Index merging¶
Merging two existing indexes can be more efficient than indexing the
data from scratch, and desired in some cases (such as merging ‘main’ and
‘delta’ indexes instead of simply reindexing ‘main’ in ‘main+delta’
partitioning scheme). So indexer
has an option to do that. Merging
the indexes is normally faster than reindexing but still not instant
on huge indexes. Basically, it will need to read the contents of both
indexes once and write the result once. Merging 100 GB and 1 GB index,
for example, will result in 202 GB of IO (but that’s still likely less
than the indexing from scratch requires).
The basic command syntax is as follows:
indexer --merge DSTINDEX SRCINDEX [--rotate]

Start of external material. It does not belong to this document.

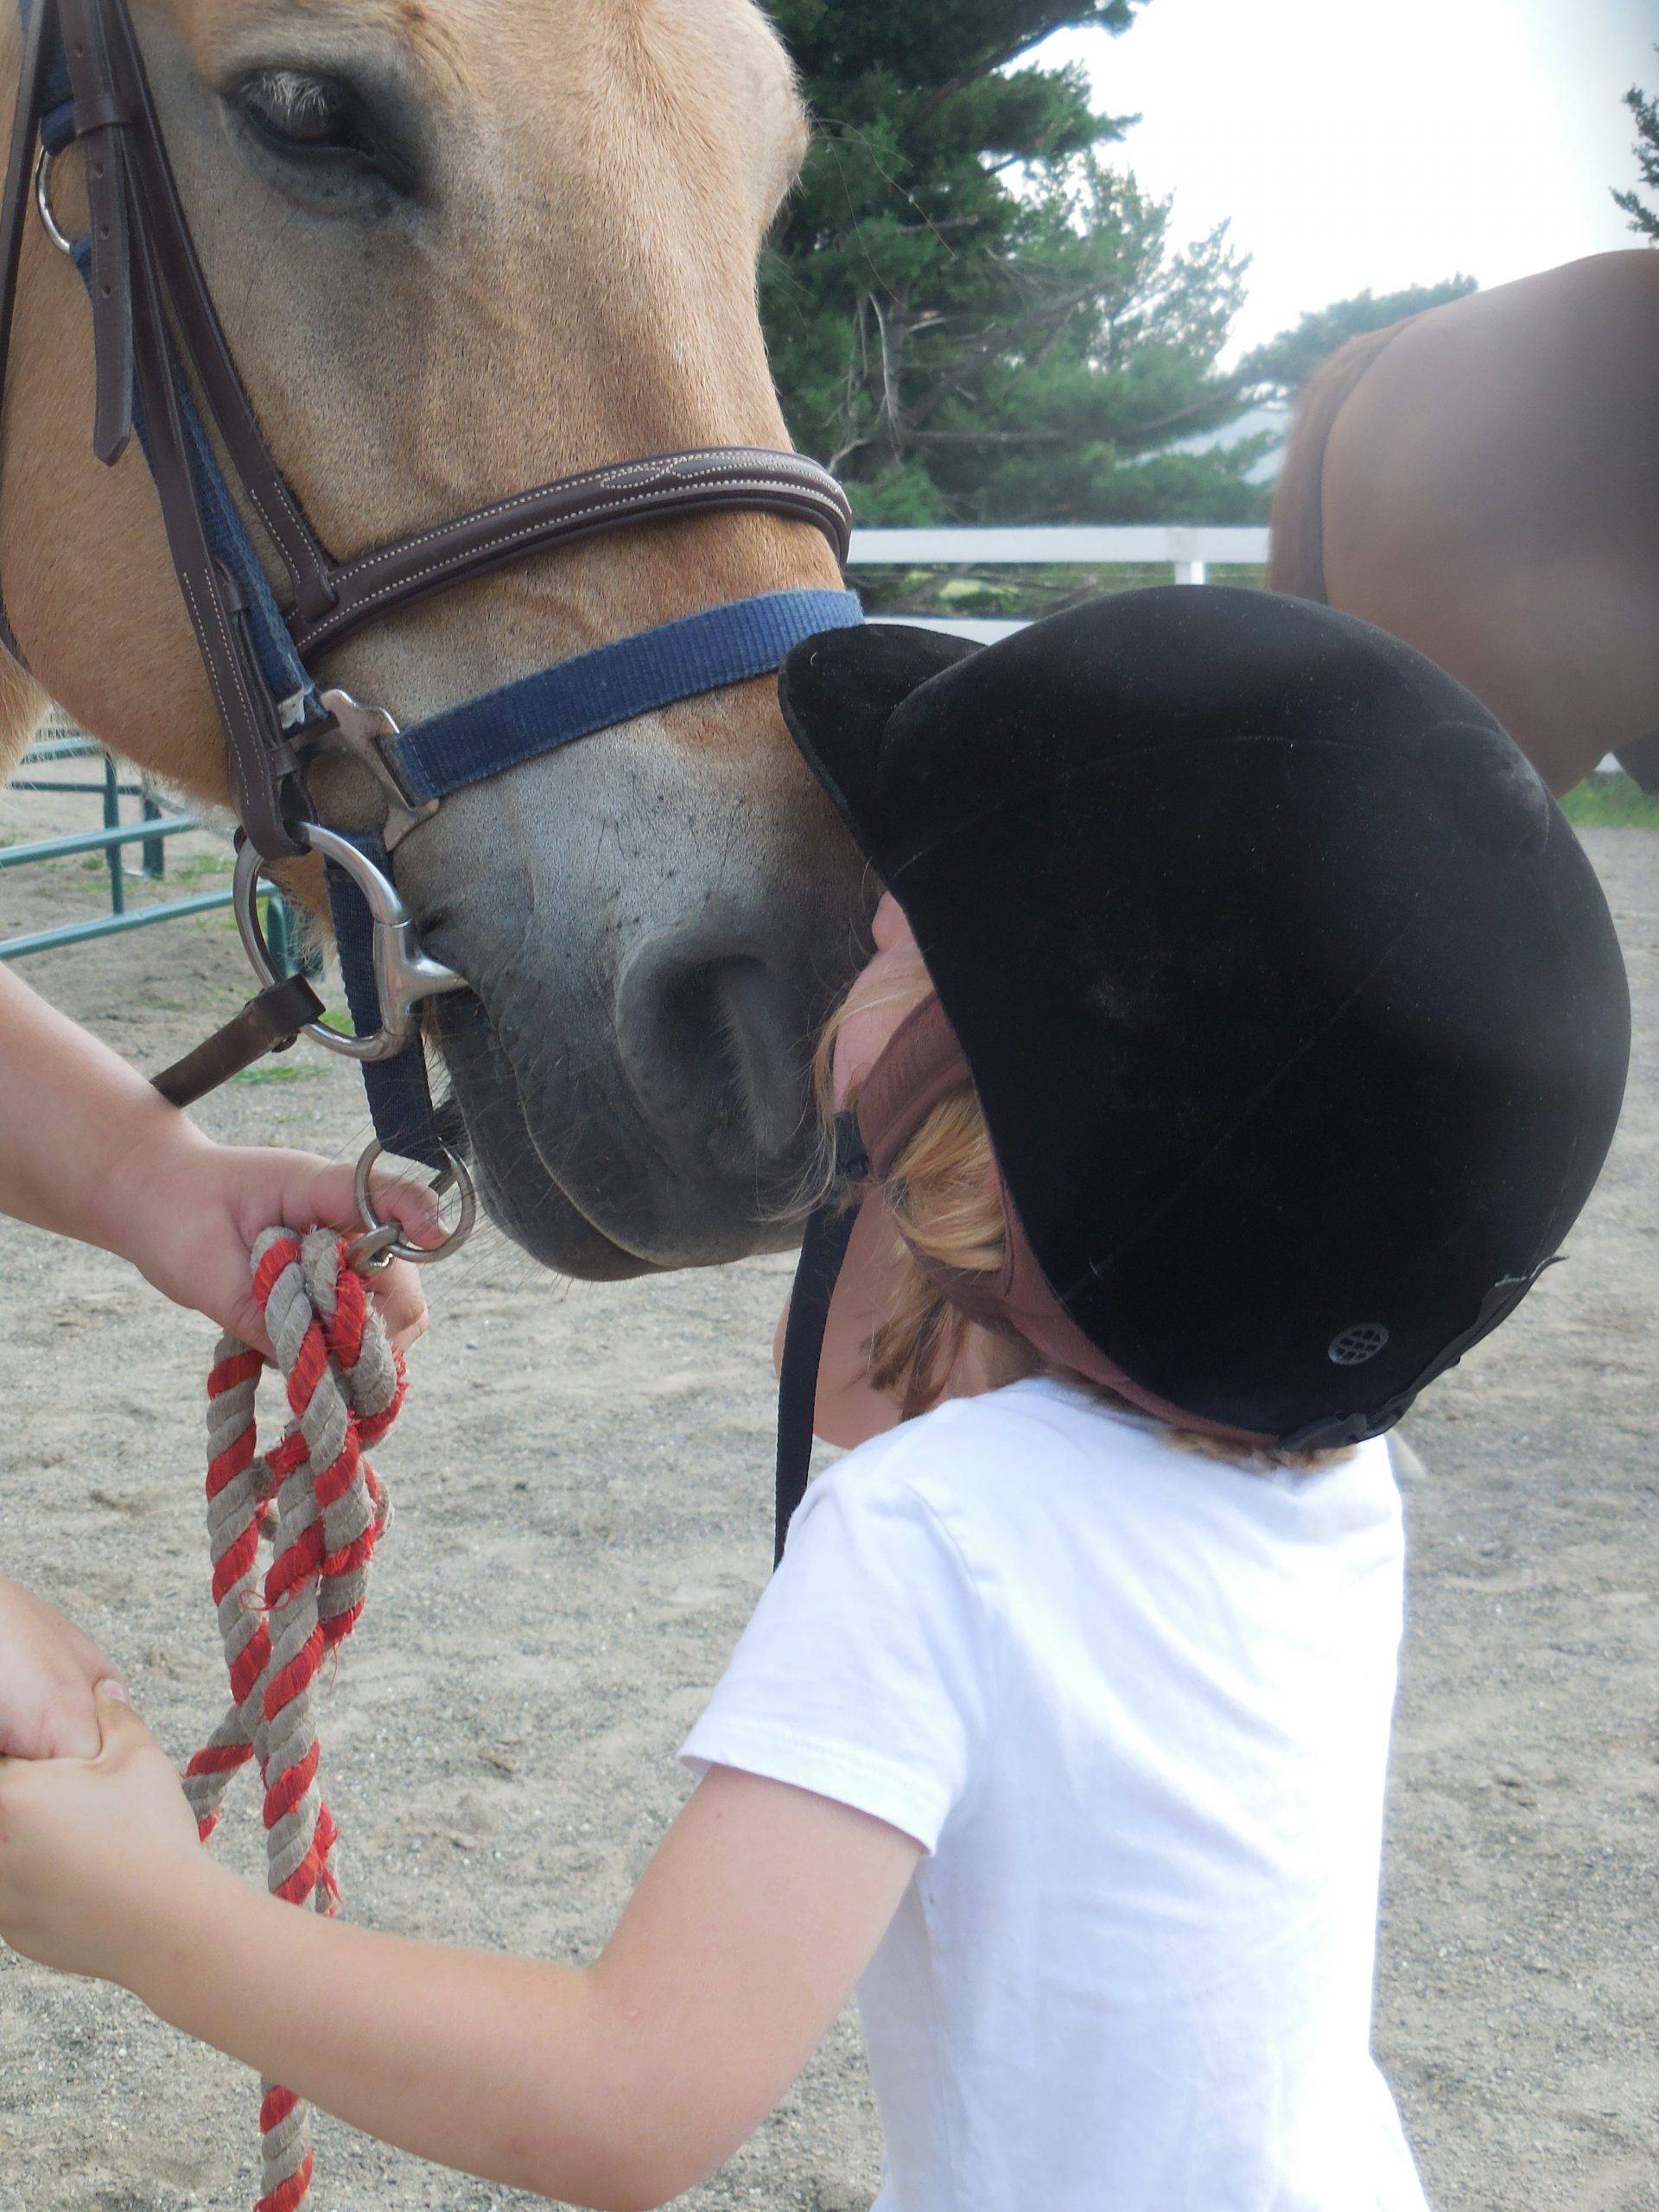 A close up of a young child with a black helmet on kissing the nose of a yellow horse with a bridle and red lead rope

Only the DSTINDEX index will be affected: the contents of SRCINDEX will
be merged into it. --rotate
switch will be required if DSTINDEX is
already being served by searchd
. The initially devised usage pattern
is to merge a smaller update from SRCINDEX into DSTINDEX. Thus, when
merging the attributes, values from SRCINDEX will win if duplicate
document IDs are encountered. Note, however, that the “old” keywords
will not be automatically removed in such cases. For example, if
there’s a keyword “old” associated with document 123 in DSTINDEX, and a
keyword “new” associated with it in SRCINDEX, document 123 will be found
by both keywords after the merge. You can supply an explicit condition
to remove documents from DSTINDEX to mitigate that; the relevant switch
is --merge-dst-range
:
indexer --merge main delta --merge-dst-range deleted 0 0
This switch lets you apply filters to the destination index along with merging. There can be several filters; all of their conditions must be met in order to include the document in the resulting merged index. In the example above, the filter passes only those records where ‘deleted’ is 0, eliminating all records that were flagged as deleted (for instance, using UpdateAttributes() call).